CLEVELAND, Tenn. - There have been many written accounts over a century about how the first two Ocoee River dams were built to bring electric power to East Tennessee, Travis Simpson concedes.
But there also are many photos in archives across the region that show just how it was done.
Simpson assigned himself the task of searching for them and scanning them into a digital format. He will compile them, and the results could become a book, he said.
"TVA has a lot of photos," Simpson said. "What I am looking for is photos from the 1910s to the 1930s when the dams became part of TVA."
Simpson has been looking through photos at the Museum Center at Five Points here recently.
"Just seeing these photos about how the work was done has always interested me," he said, sitting in a museum center back room with a laptop computer open in front of him.

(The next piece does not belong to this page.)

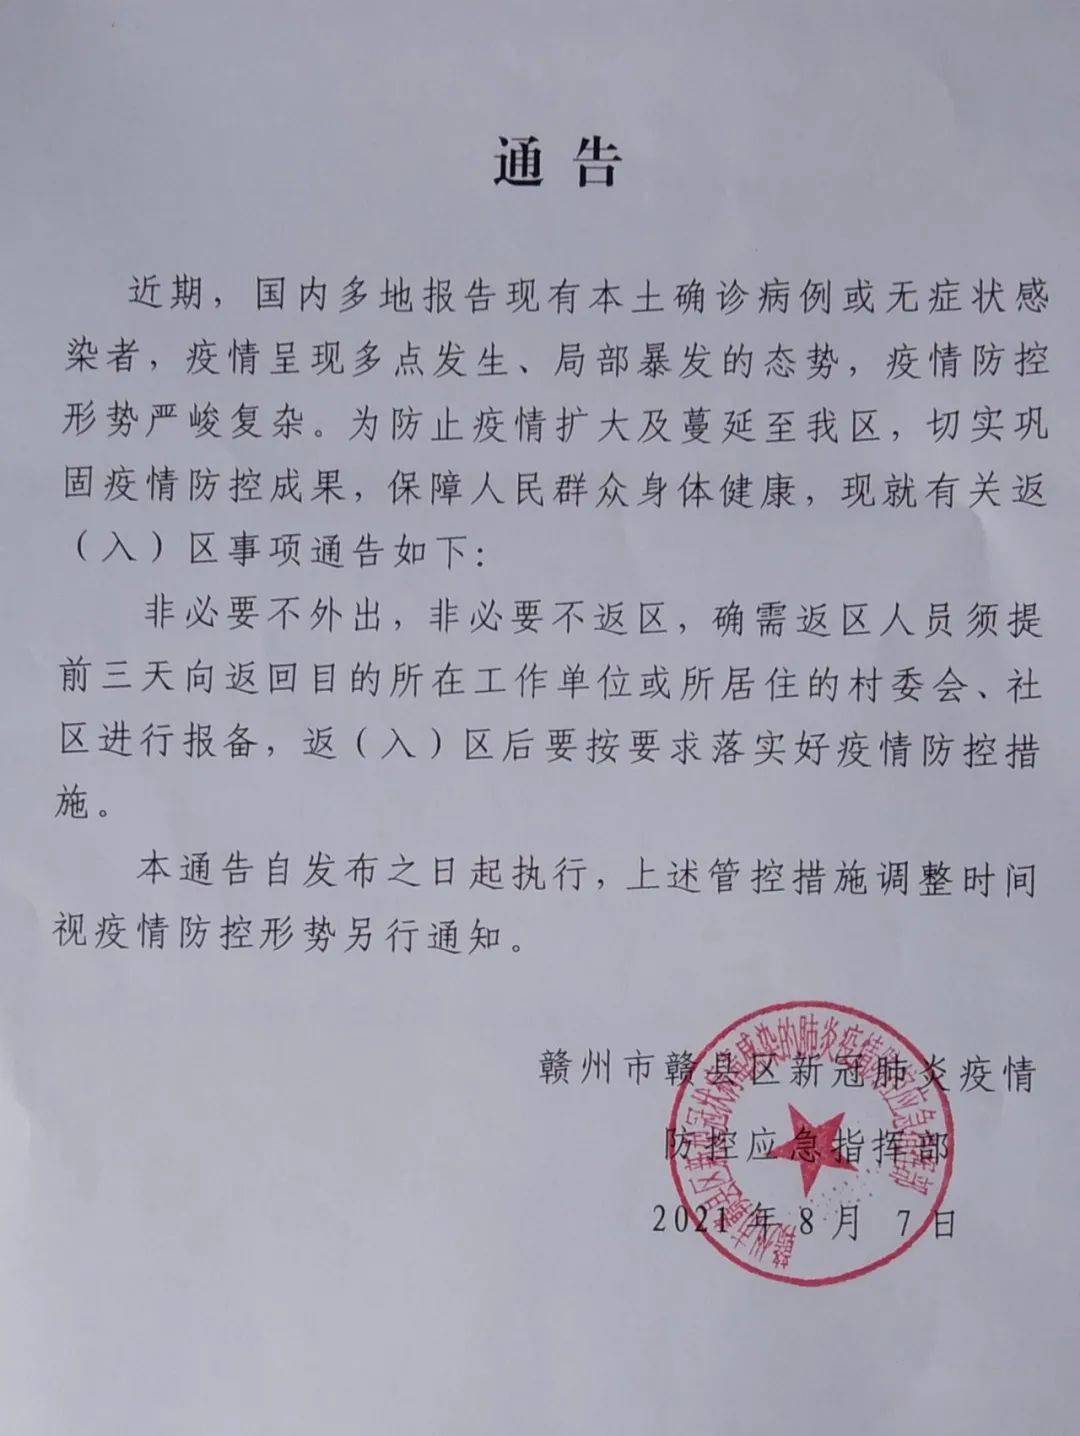 赣县区连发两个通告 疫情防控再升级!

He looked at a photo of a railroad built on top of a circular cofferdam -- a watertight enclosure pumped dry so construction of the actual dam can take place. An engine would make that circuit, he said, dumping concrete to build the dams. That was a century ago.
"Since we are nearing the century mark for the Ocoee dams, it's a good time for Travis' research," said Ken Cagle of the Museum Center.
Ocoee River Dams No. 1 and No. 2, the powerhouses and a flume that channeled the mountain river into turbines to make electricity were considered one of the engineering marvels of the time.
It was the era when the U.S. completed the Panama Canal in 1913, after the Chattanooga and Tennessee River Power Co. began construction of Hales Bar Dam in 1905.
The Eastern Tennessee Power Co. built Ocoee dams No. 1 and No. 2 in 1911 and 1913. Workers stayed in instant mill towns like Caney Creek, now gone except for some foundations. The dams became part of the TVA system in 1939.